The thin film transistor TFT1-2 has a gate and a source connected to the discharging line DCL, and a drain connected in common to the source of the gate line GL1 and the thin film transistor TFT1-1. Here, the gate line GL1 is connected to the output node N1 positioned between the source of the thin film transistor TFT1-1 and the drain of the thin film transistor TFT1-2.

When the discharging driver 150 supplies the gate-low voltage VGH of 0 V or less through the discharging line DCL, the thin film transistors TFT1-1 and TFT1-2 are turned off, so that the first discharging unit is turned off. Reference numeral 160-1 does not supply a voltage to the gate line GL1. In this case, discharging of each pixel connected to the gate line GL1 is not performed.

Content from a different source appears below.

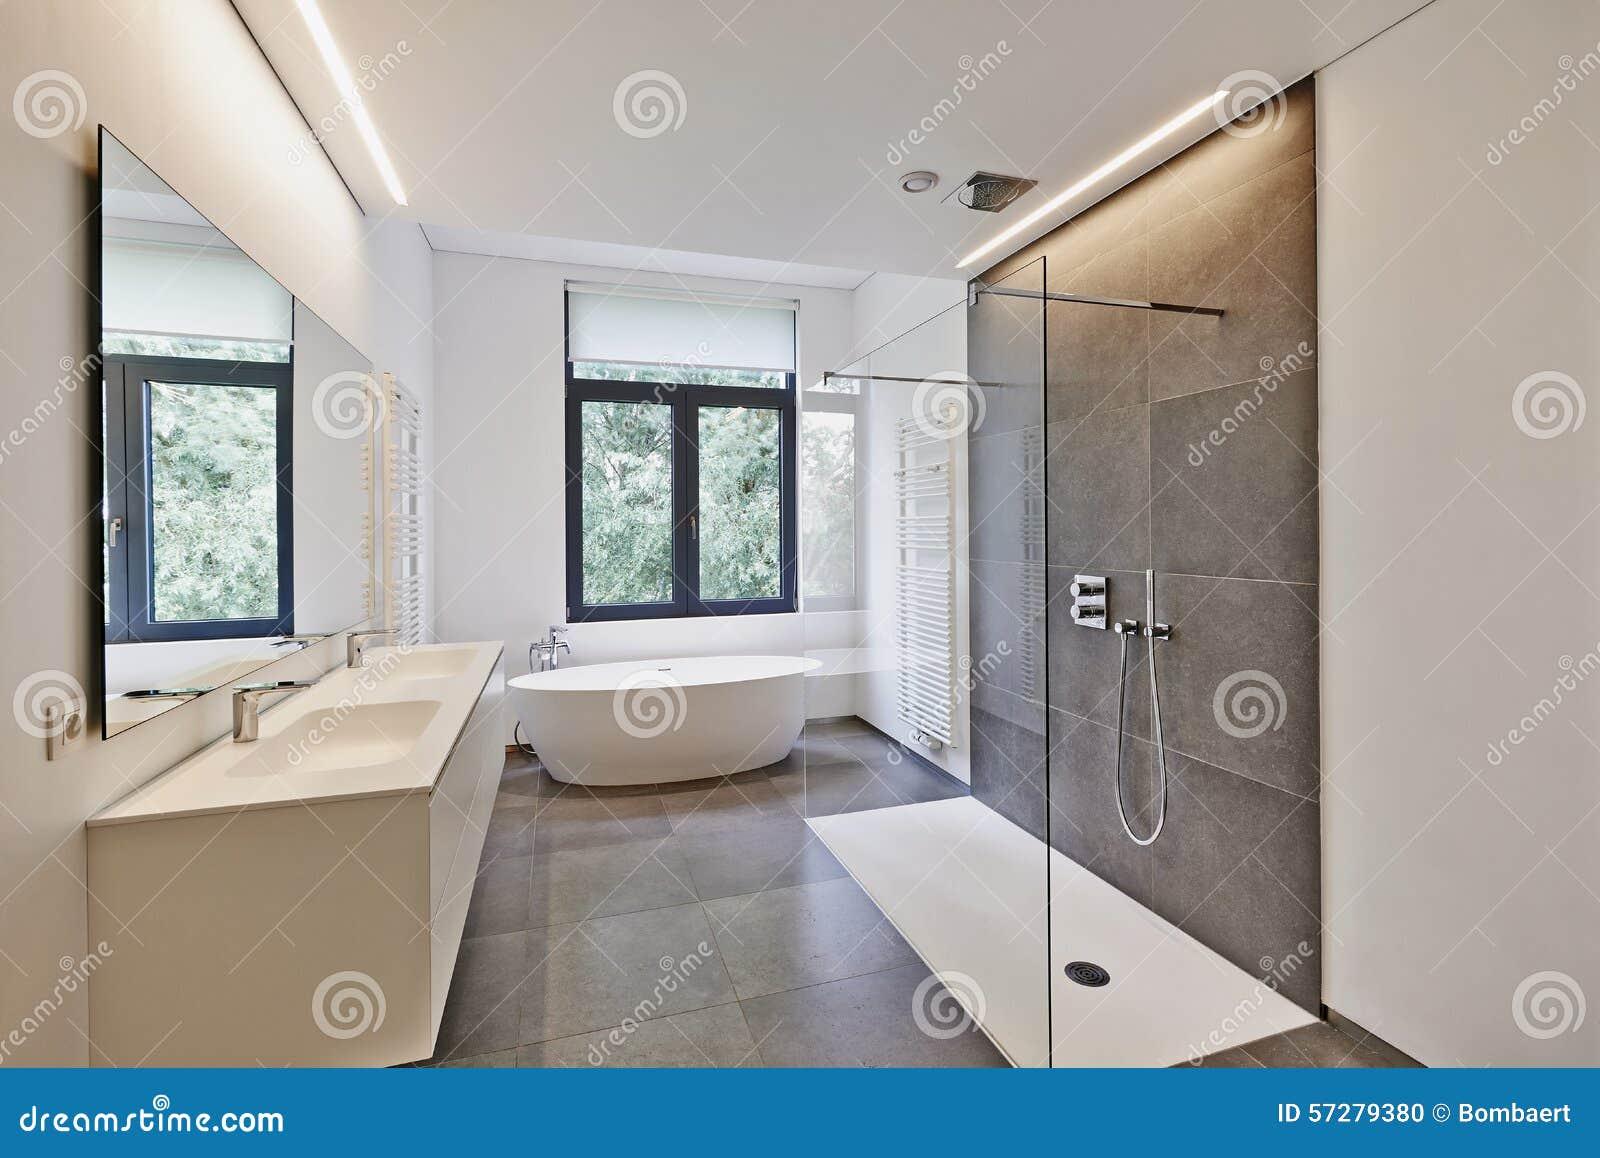 De moderne badkamers van de luxe stock foto afbeelding 57279380 - Moderne luxe badkamer ...

When the discharging driver 150 supplies the gate high voltage VGH through the discharging line DCL, the thin film transistors TFT1-1 and TFT1-2 are turned on and thus, the first discharging unit 160-1. ) Supplies a gate high voltage VGH to the gate line GL1 to discharge residual charge of each pixel connected to the gate line GL1. In this case, the thin film transistor TFT of each pixel connected to the gate line GL1 is turned on by the gate high voltage VGH supplied from the first discharging unit 160-1 to thereby store the residual charge of the pixel. To DL.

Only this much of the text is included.